Tooly waited in the living room, hearing the clack of knife on cutting board, a pan sizzling, faucet running. She glanced into the kitchen, intending to offer help, but saw Sarah inadvertently knock loose an implant of upper teeth as she tasted sauce on a wooden spoon. Tooly pretended not to be there and waited on the terrace.

They ate blini canapés with salmon roe on sour cream to start, then
frittura di paranza
with lemon quarters, and pan-fried sole with potato salad. Approval produced such joy in Sarah that Tooly found herself offering it more heartily than merited. Sarah was on a high, swollen by Tooly’s enthusiasm—until the dessert, a rum baba that failed to rise properly. This was a special visit, she said disconsolately, and now everything was ruined. She knew that to be irrational and admitted it. But the intractable lifelong argument between what Sarah knew and what Sarah felt drove her to the cigarette pack. Dejectedly, she lit up in the kitchen, mindless of house rules now.

“What do you do out here?” Tooly asked. “I mean, day to day.”

“Whatever I want. Watch TV. Go grocery shopping. Keep the apartment clean. We get these rains, being near the water, and if I don’t clear all the leaves they block the drain, and the terrace floods.

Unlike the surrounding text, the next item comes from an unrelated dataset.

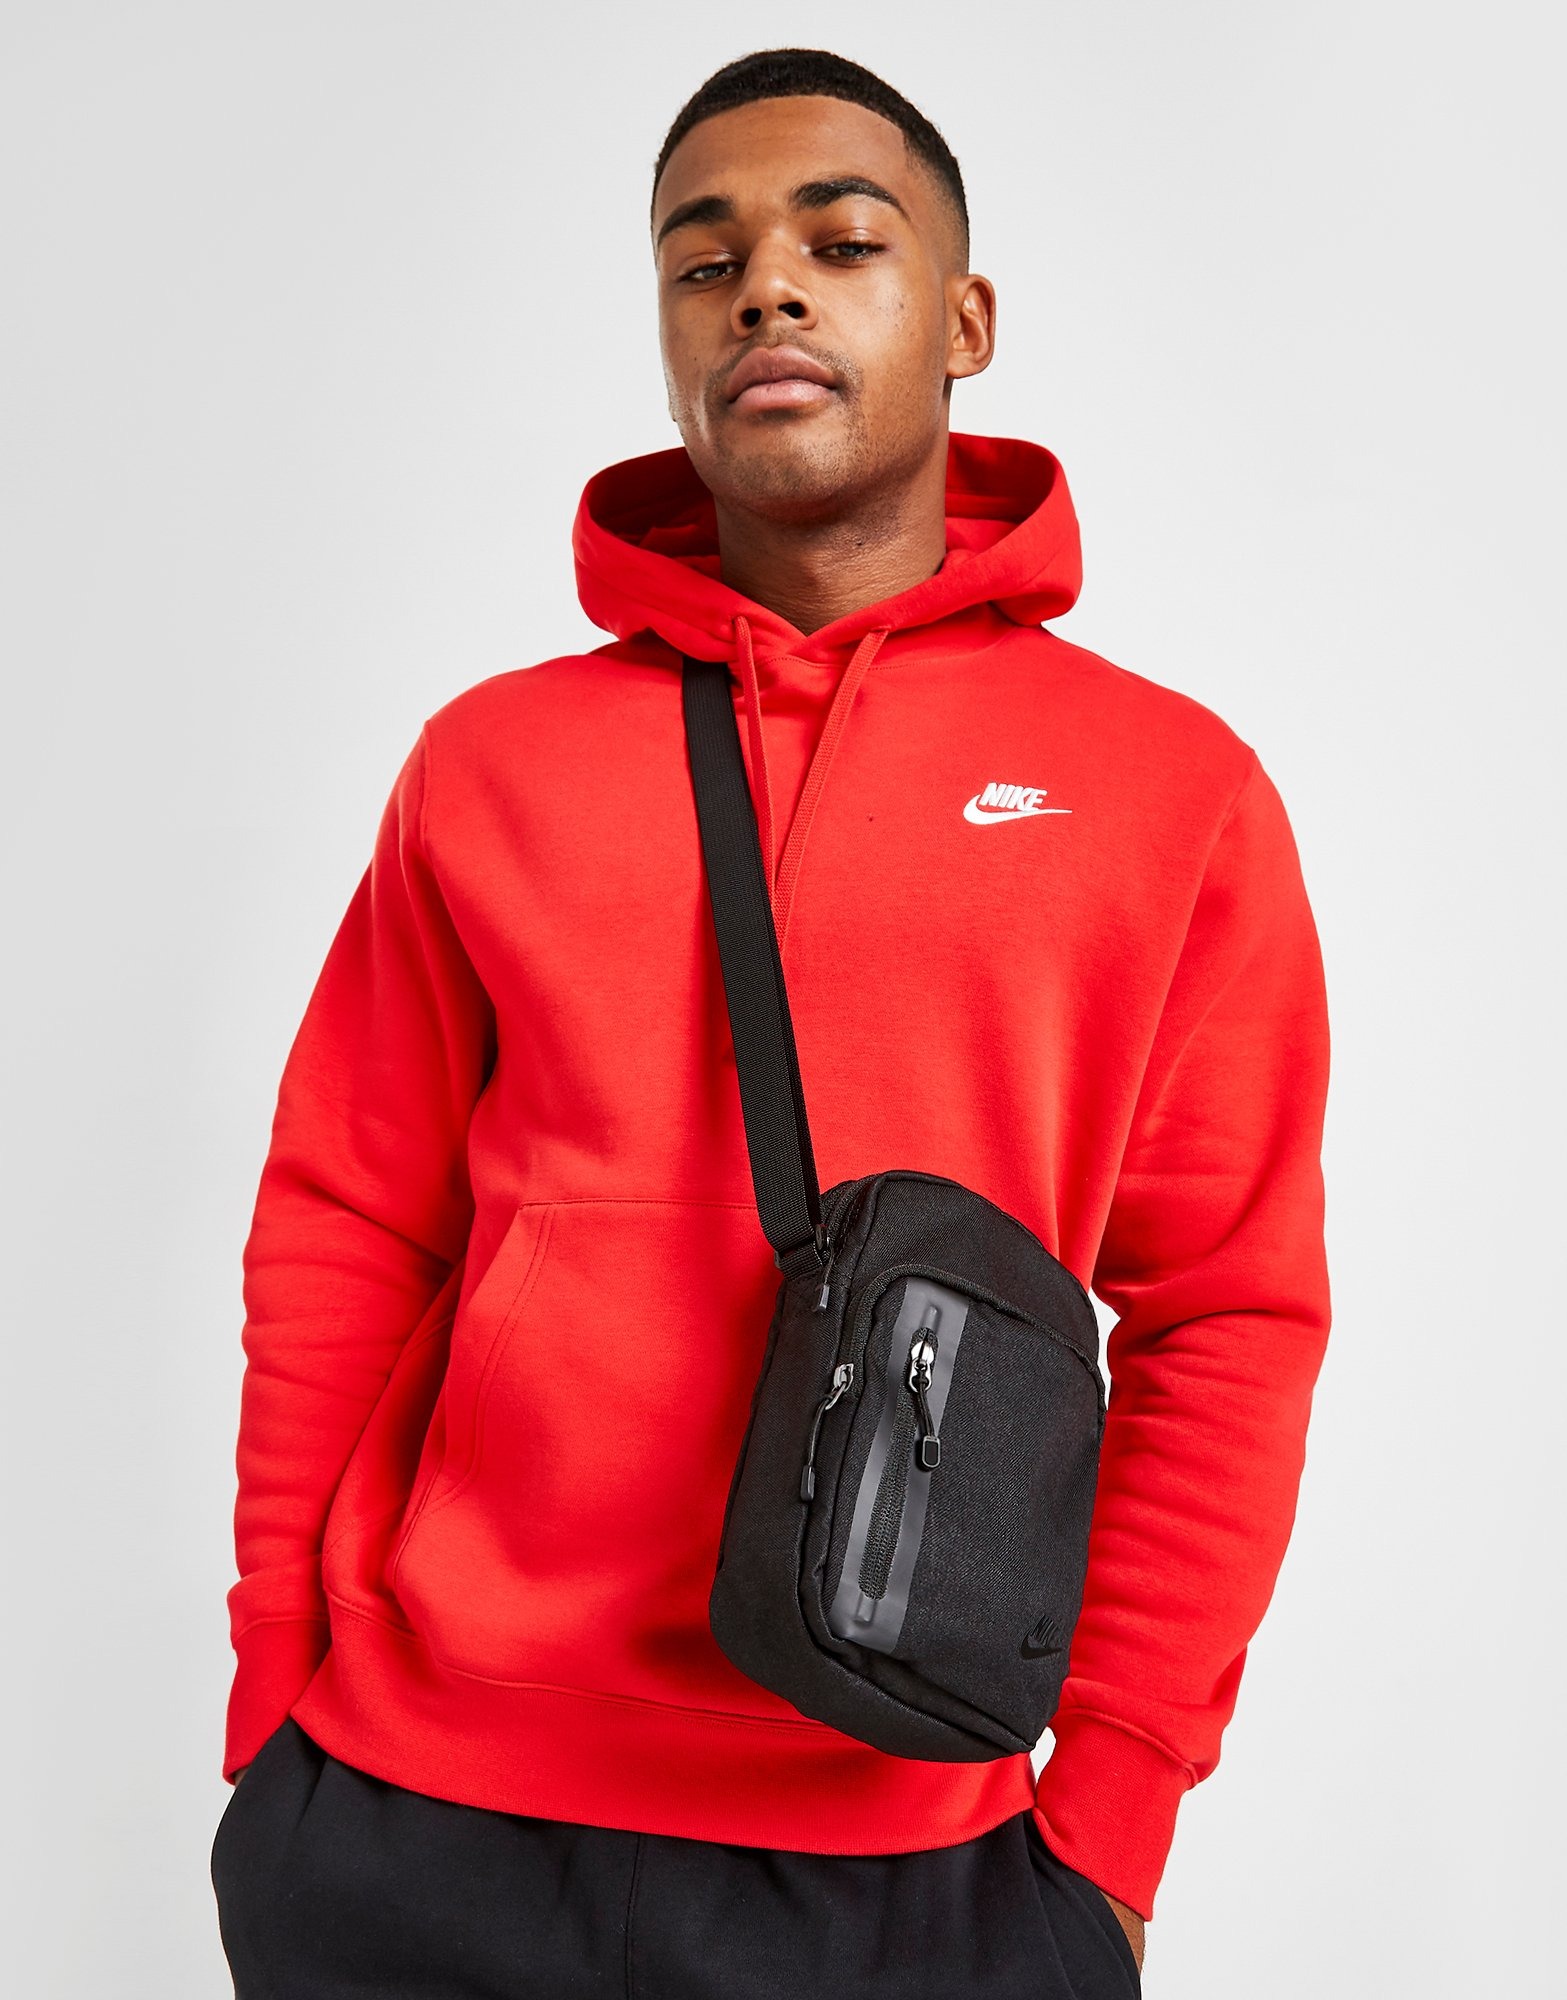 jd sports travel bags

So I take care of that. What else? I have my treasure hunt.”

“The neighbors? Who are they?”

“No idea. I’m invisible. You pass a certain age as a woman, and nobody sees you anymore.”

“Course they do.”

“You’ll find out; you’ll become a ghost one day. Though it’s not all bad. You get to watch things happening: men and women appraising each other. I can just look, and not have to deal with the sex anymore. Men are never that clean, are they, and they’re hairy and sweaty. Sex isn’t ever that pleasurable for women—really, it’s just the pleasure of being wanted.”

“Not sure I agree with any of that.”

“Men
are
hairy.”

“Yes, that part is true,” Tooly conceded. “Not necessarily a bad thing. Within limits.”

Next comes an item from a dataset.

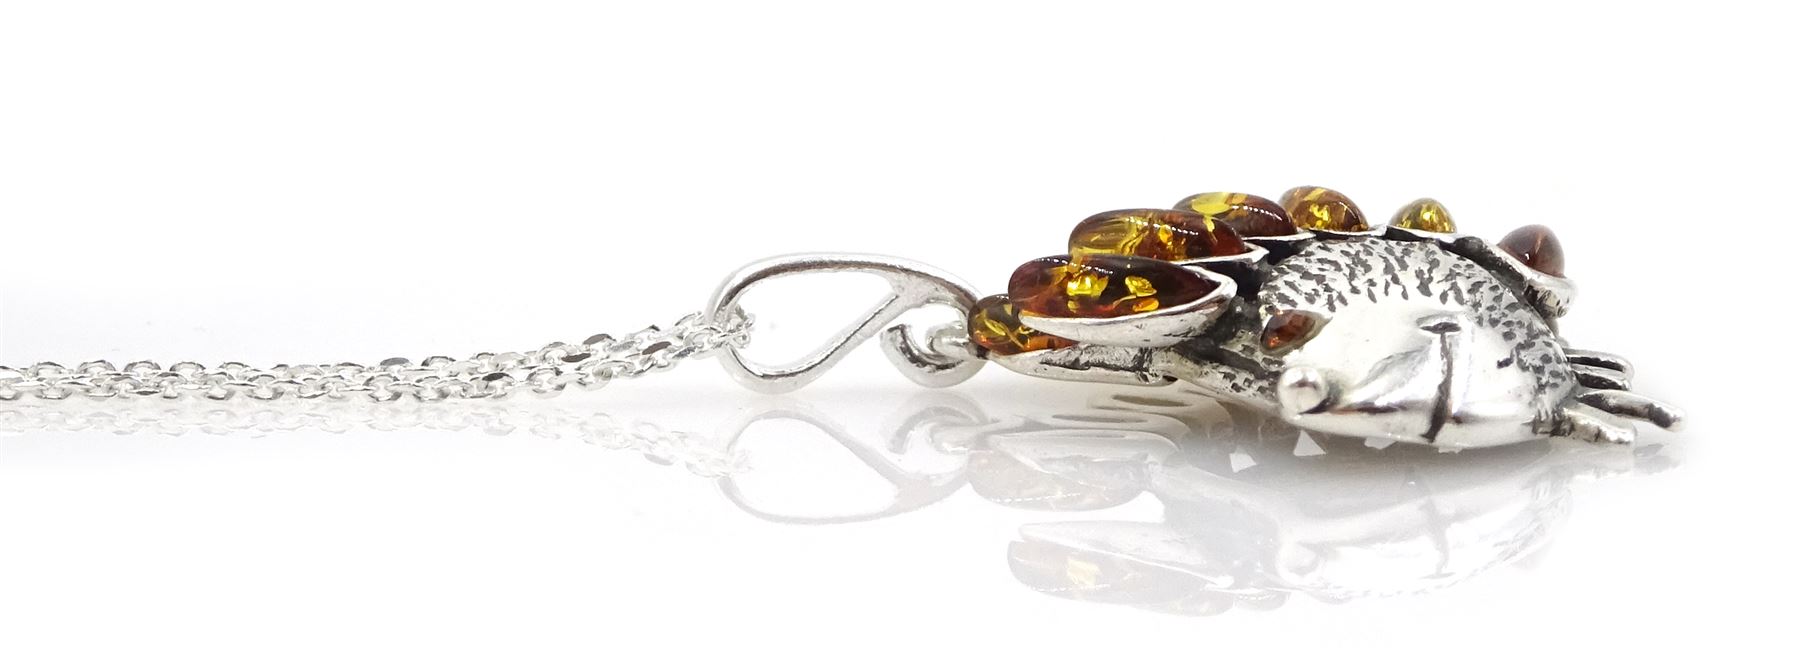 Silver Baltic amber hedgehog pendant necklace - Image 2 of 2

“The right amount in the right places.”

“Well, yes. True of everything.”

“What strikes me,” Sarah continued, “is that men are such savages—they don’t fold their clothes, they pee on the toilet seat, they barely wash—yet when it comes to their views on women they’re suddenly so concerned about how everything looks. Each barbarian becomes an aesthete about the female body, all of a sudden expecting perfection.”

“Lots of the men I’ve encountered seem pretty grateful to settle for what they get. Though maybe that’s the ones who go for me—not, perhaps, the most discriminating category.”

“Don’t undersell yourself, Tooly. What you present is what the man buys.”